**SOURCE DATA**
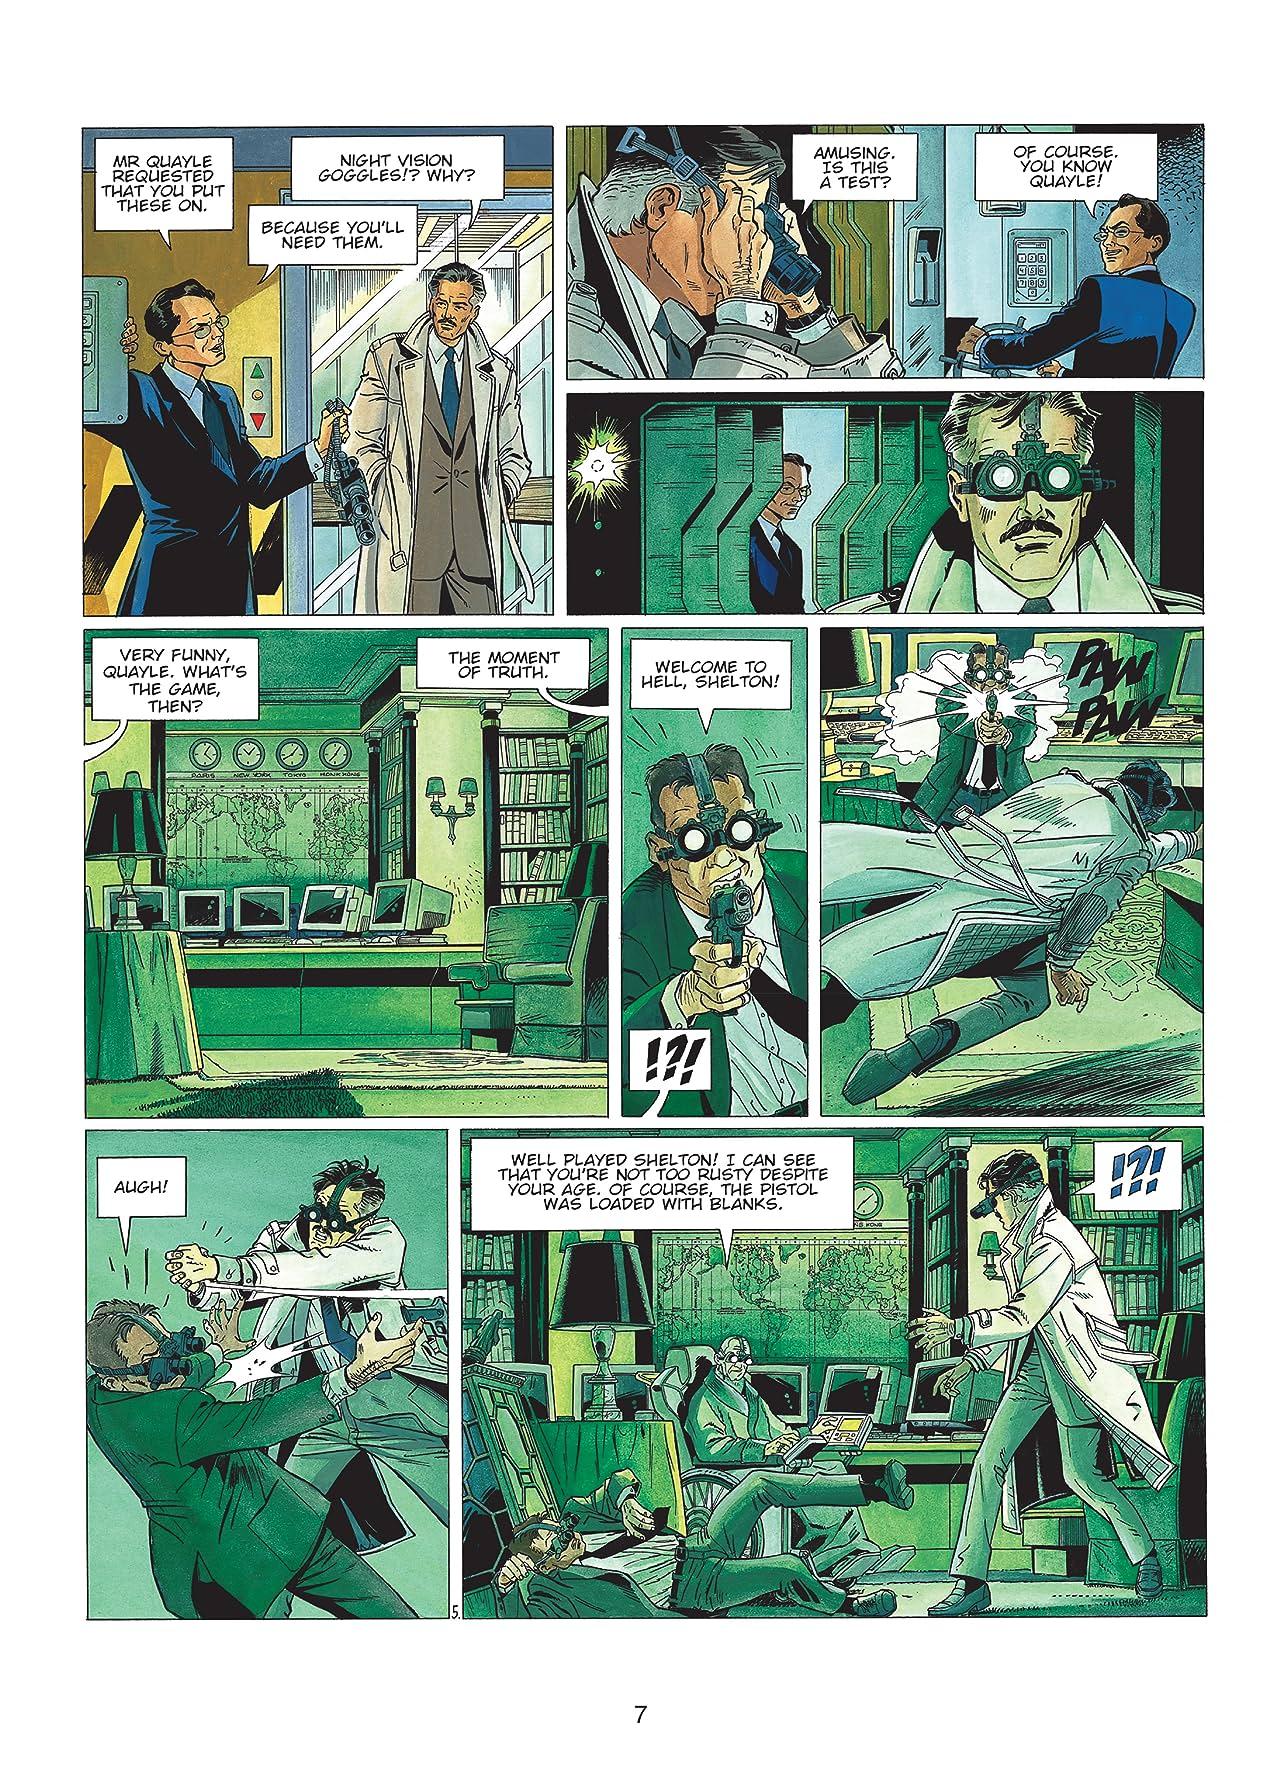 Wayne Shelton Vol. 1: The Mission
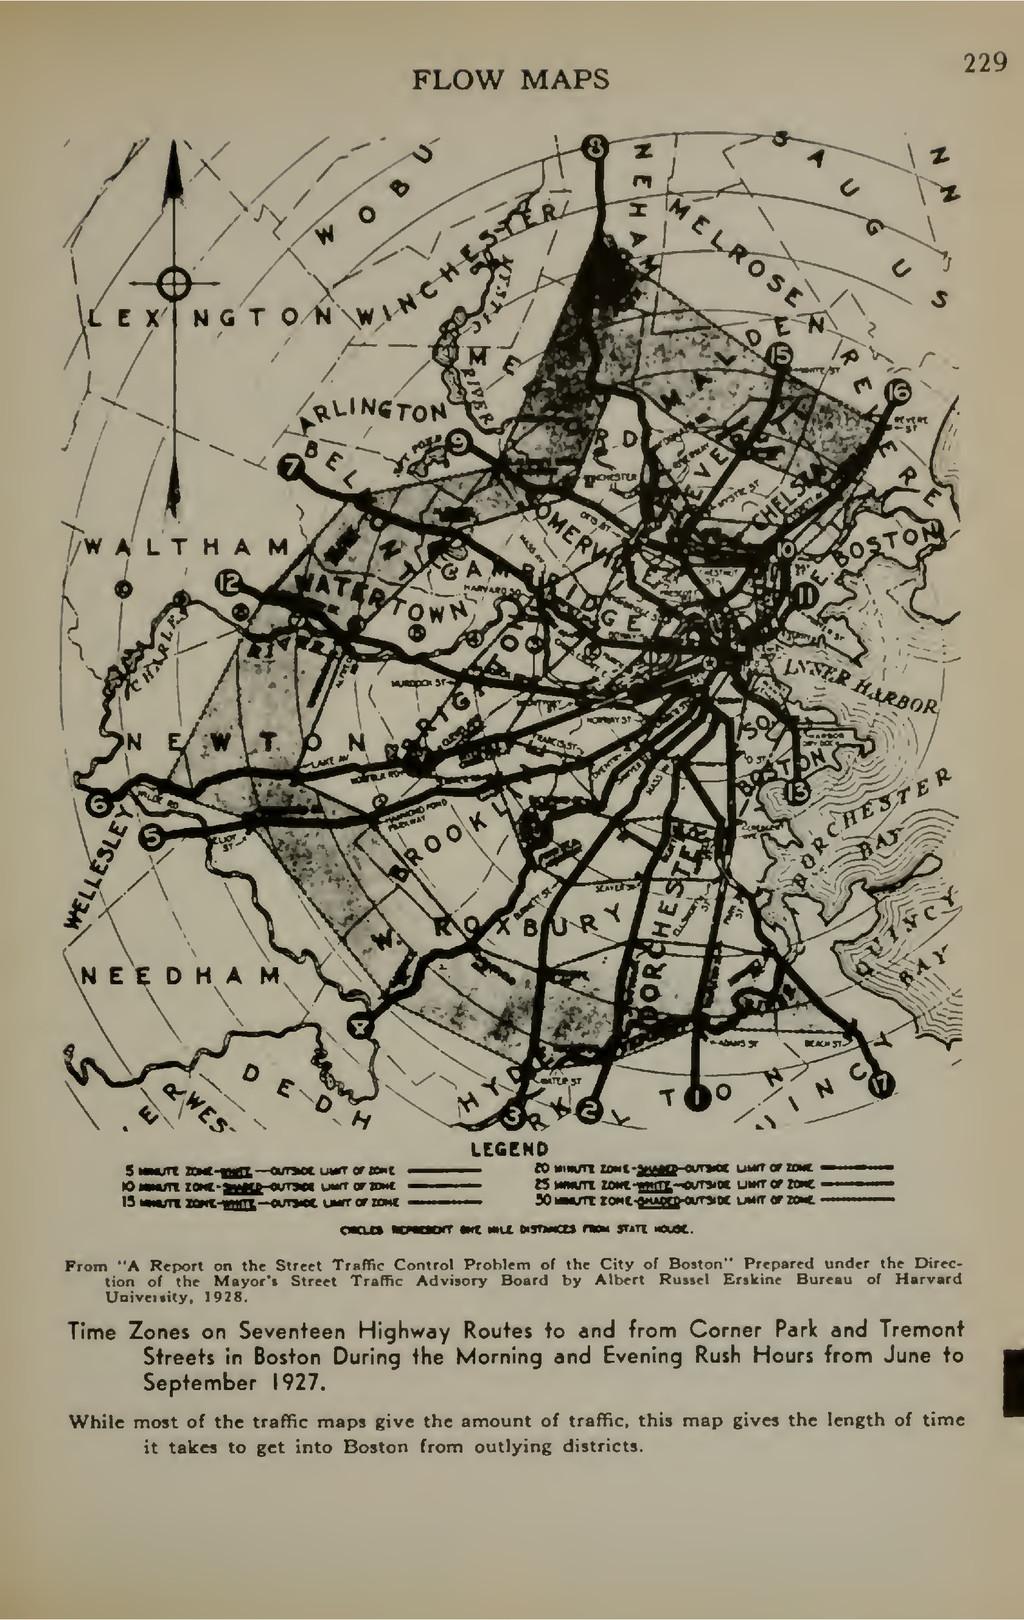 FLOW MAPS 229 IS UMITOrttMC uMTT ormc LEGEND — ...
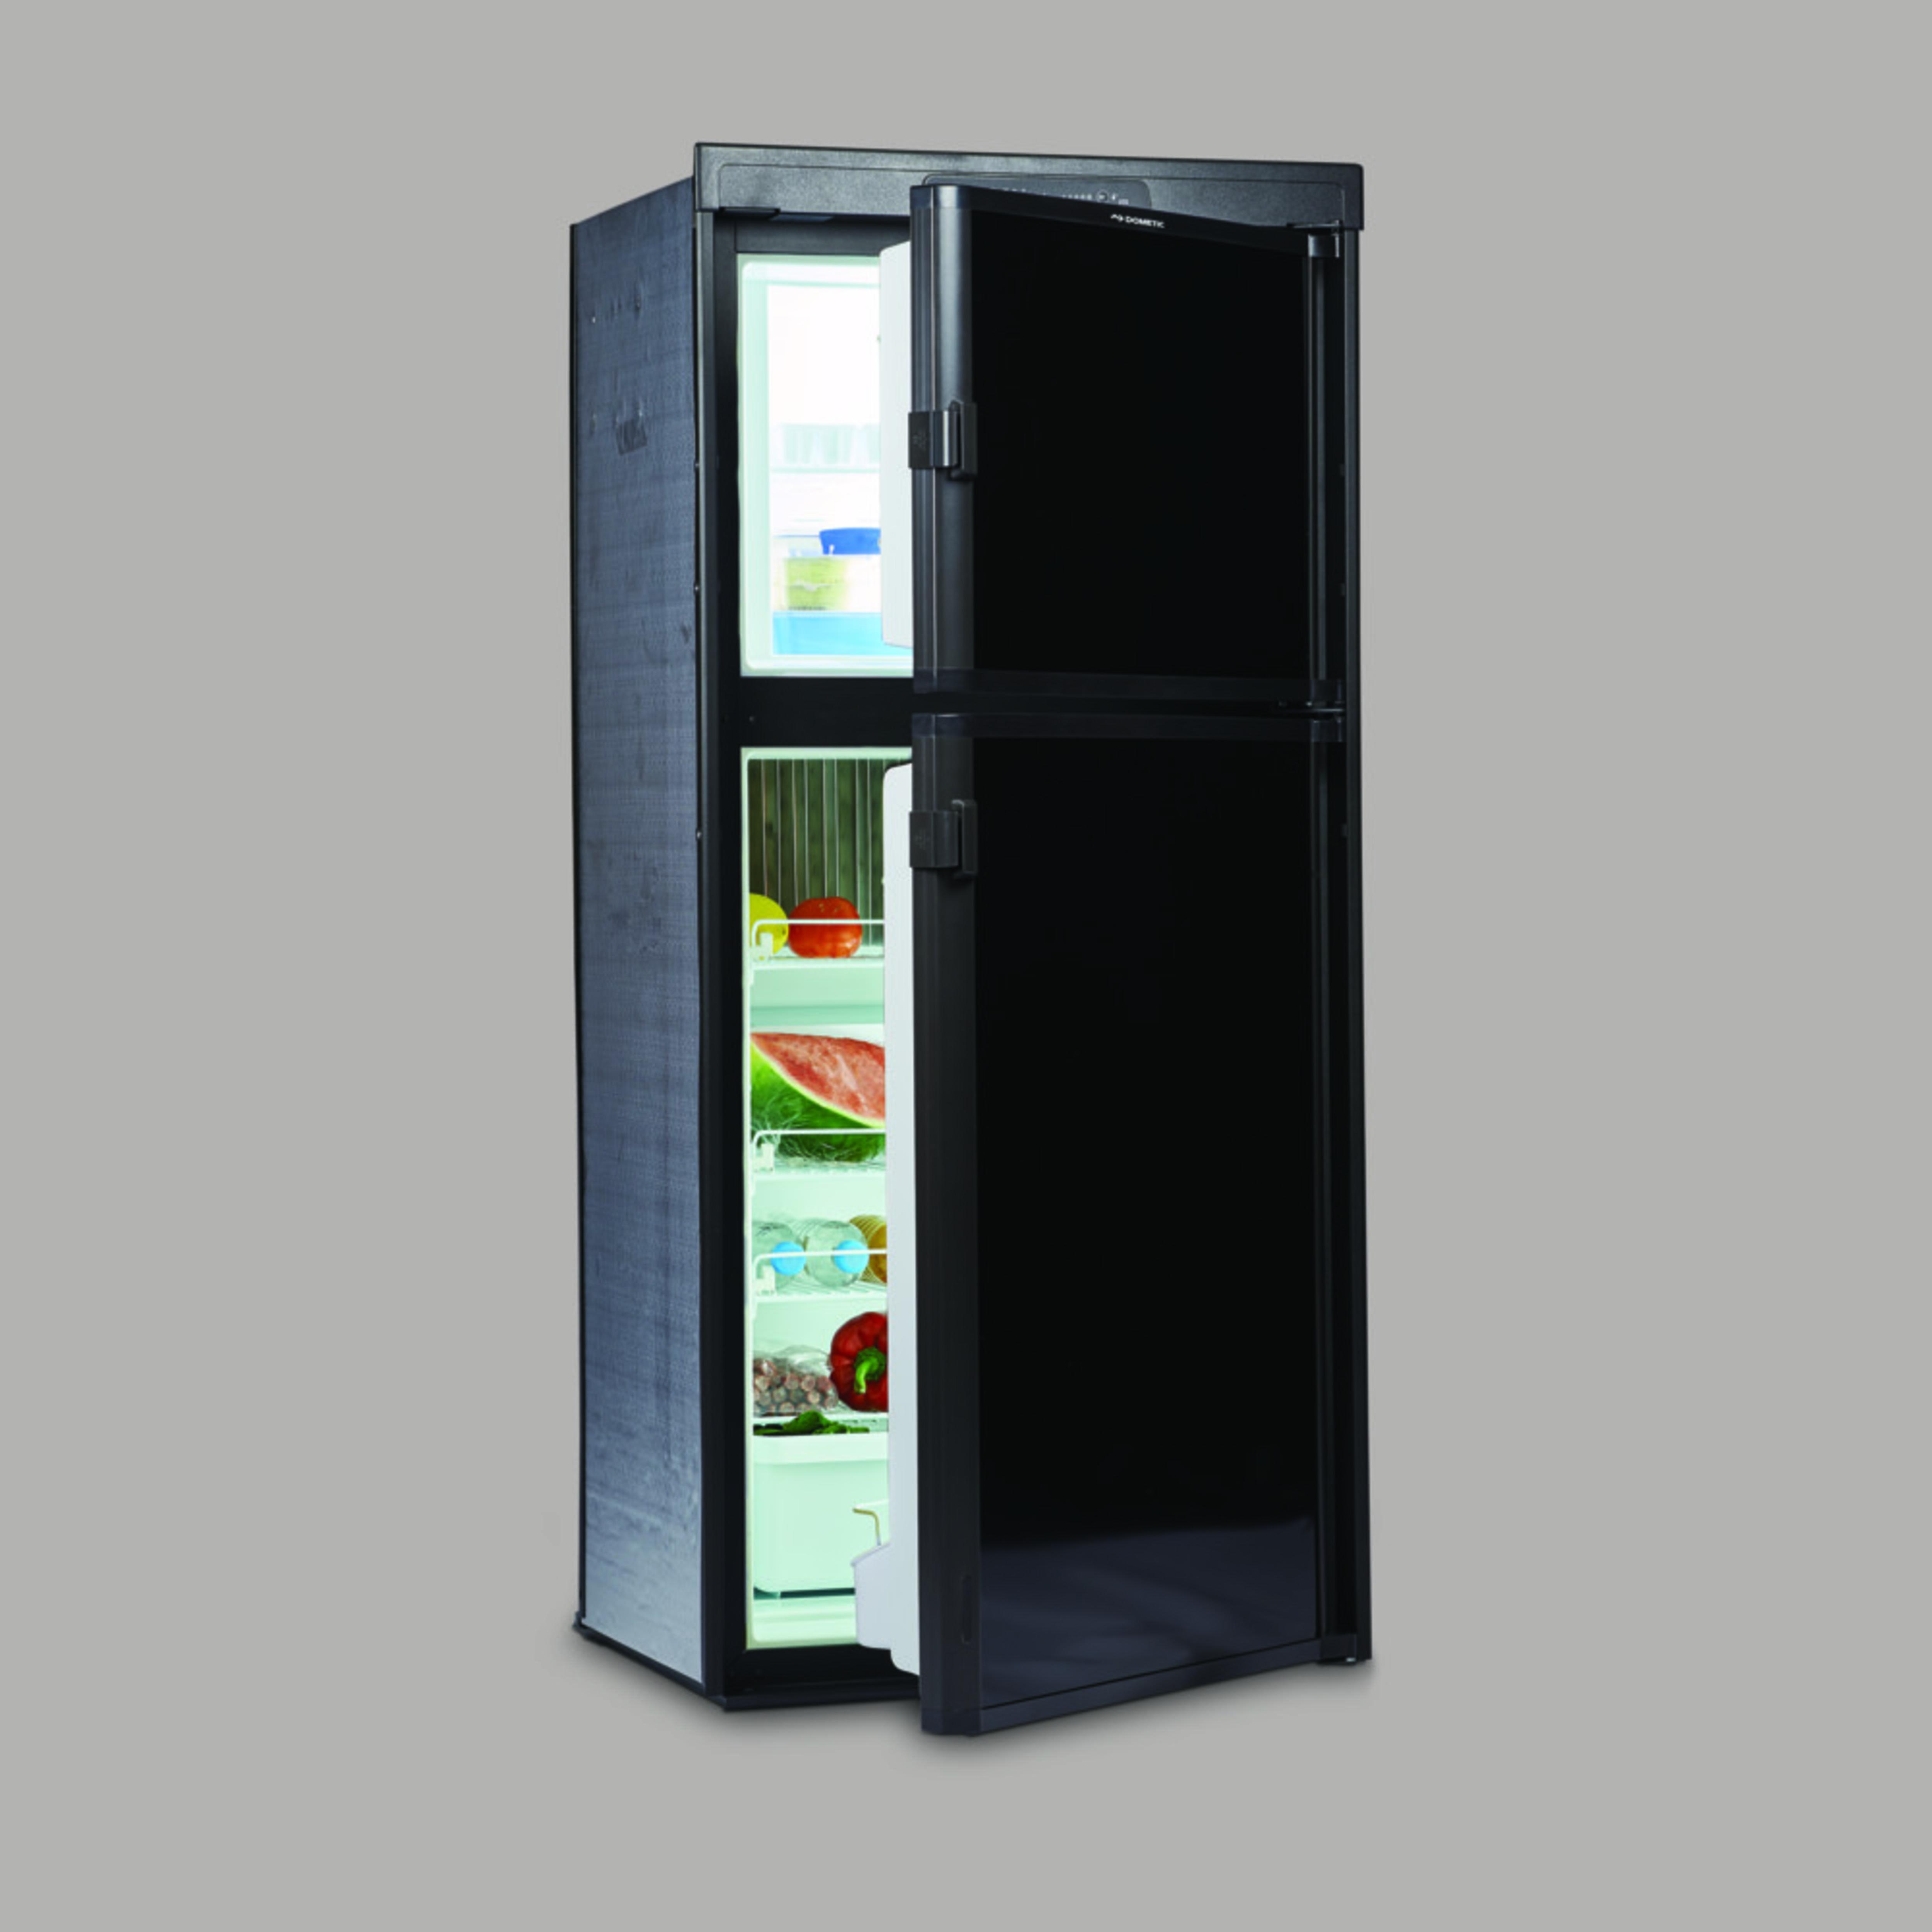 Dometic RM 4606

**TASK OBJECTIVE**
With the pictures excluded, restate word for word each line from the one that contains "FLOW MAPS 229" through the last line of the listing above.

**ANSWER TO THIS EXERCISE**
 FLOW MAPS 229 IS UMITOrttMC uMTT ormc LEGEND — ...
 Dometic RM 4606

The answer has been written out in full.